Artificial Intelligence Boosts US Stock Market as Wall Street Looks Ahead
Artificial Intelligence Drives Optimism and Stock Market Growth in the US
Recent advancements in artificial intelligence (AI) are instilling optimism about the future productivity of businesses and making a significant impact on the stock market.
The S&P 500 index has experienced a 9% surge this year, largely propelled by a handful of major stocks that are at the forefront of the AI revolution following the success of the ChatGPT chatbot.
Microsoft, Google’s parent company Alphabet, Nvidia, Apple, and Meta Platforms are the key players driving the S&P 500’s year-to-date performance, accounting for the entire gain, according to Jessica Rabe, co-founder of DataTrek Research. Approximately 25% to 50% of these gains are attributed to the “buzz around artificial intelligence.”
A recent analysis by Societe Generale focused on 20 stocks that are widely held by AI-related exchange-traded funds, which have seen nearly a 40% increase in assets under management this year.
Removing these AI-related stocks from the S&P 500 would result in a performance reduction of around 10 percentage points, pushing the index into negative territory for the year, as revealed by SocGen’s analysis.
Manish Kabra, head of US equity strategy at SocGen, emphasized that it is the AI-driven stocks that are delivering the strongest returns, making it an attractive secular theme.
The surge in AI developments has analysts excited about the profit potential stemming from new revenue opportunities and productivity enhancements.
Goldman Sachs strategists estimate that generative AI could lead to productivity gains, resulting in S&P 500 companies expanding profit margins by approximately 4 percentage points over a decade following widespread adoption.
The optimism surrounding AI serves as a key support factor for the stock market, which is facing various challenges such as uncertainty over raising the debt ceiling and concerns about a potential economic downturn due to the Federal Reserve’s interest rate hikes.
Jim Reid, a strategist at Deutsche Bank, expressed confidence in AI’s transformative power, stating that “We are strongly of the view that AI will change the world.”
The excitement around AI has contributed to significant gains in certain stocks.
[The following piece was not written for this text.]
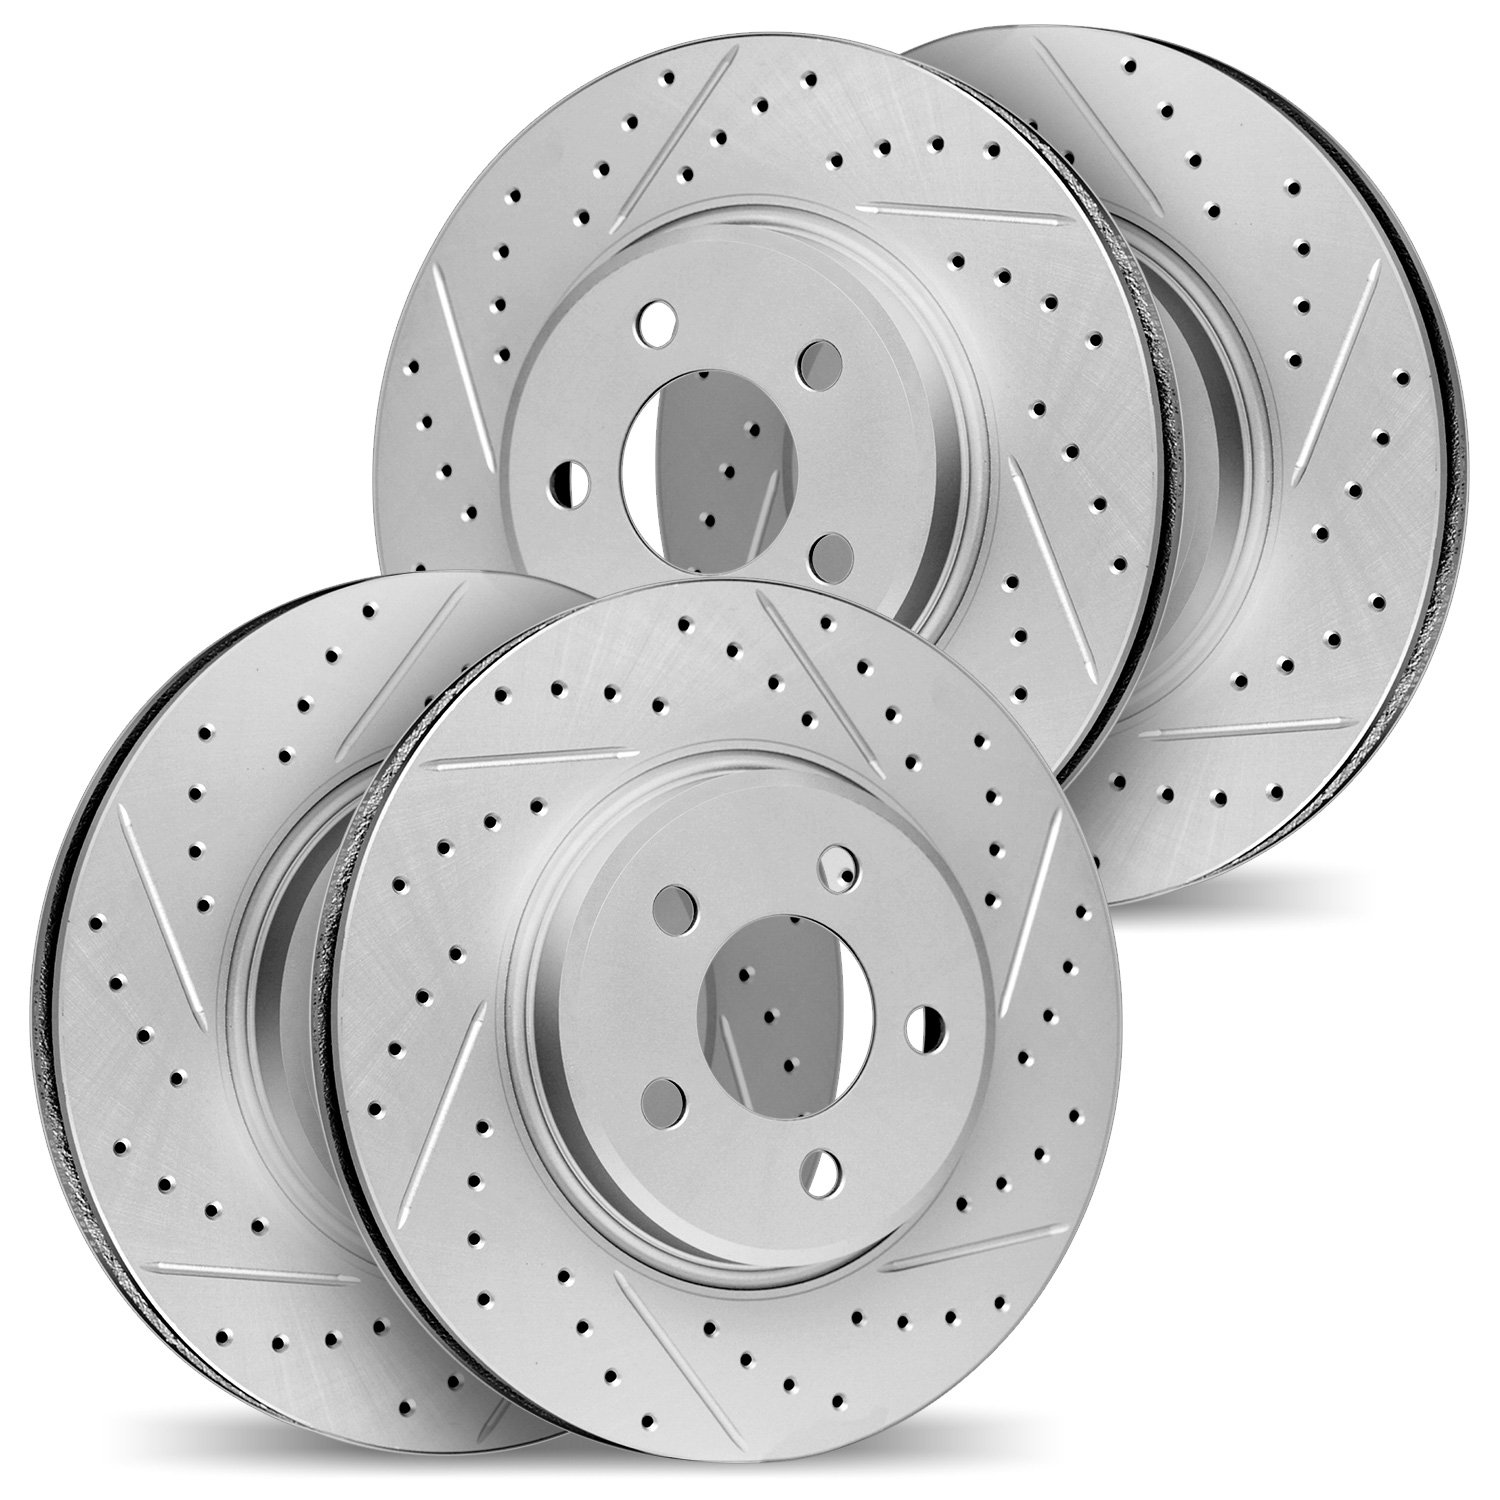 2004-31058 Geoperformance Drilled/Slotted Brake Rotors, Fits Select Multiple Makes/Models, Position: Front and Rear

For instance, Microsoft shares, the second-largest US company by market value, have risen by 32% this year. The company has made headlines with its partnership with OpenAI, the creator of ChatGPT, and its integration of AI into its Bing search engine.
Nvidia, the fifth-largest US company by market value and a central player in AI with its chips, has witnessed a staggering 110% surge in its stock price this year.
The Global X Robotics & Artificial Intelligence ETF has also experienced a nearly 30% increase in value year-to-date.
Investors will closely monitor developments related to the US debt ceiling, as well as inflation data and corporate earnings, including Nvidia’s results, in the upcoming week.
While megacap stocks have been supported by factors such as declining Treasury yields and their perceived safety in uncertain times, it’s important to note that even transformative technologies are susceptible to price bubbles, as seen in the dotcom era. However, many investors believe that AI is here to stay and not just a passing trend.
King Lip, chief strategist at Baker Avenue Wealth Management in San Francisco, describes AI advancements as a “game changer” and owns shares of Microsoft, Nvidia, and Alphabet, emphasizing the potential for earnings growth resulting from generative AI.
The developments in AI extend beyond a mere trend, and the prospects for its impact on businesses and the stock market remain promising.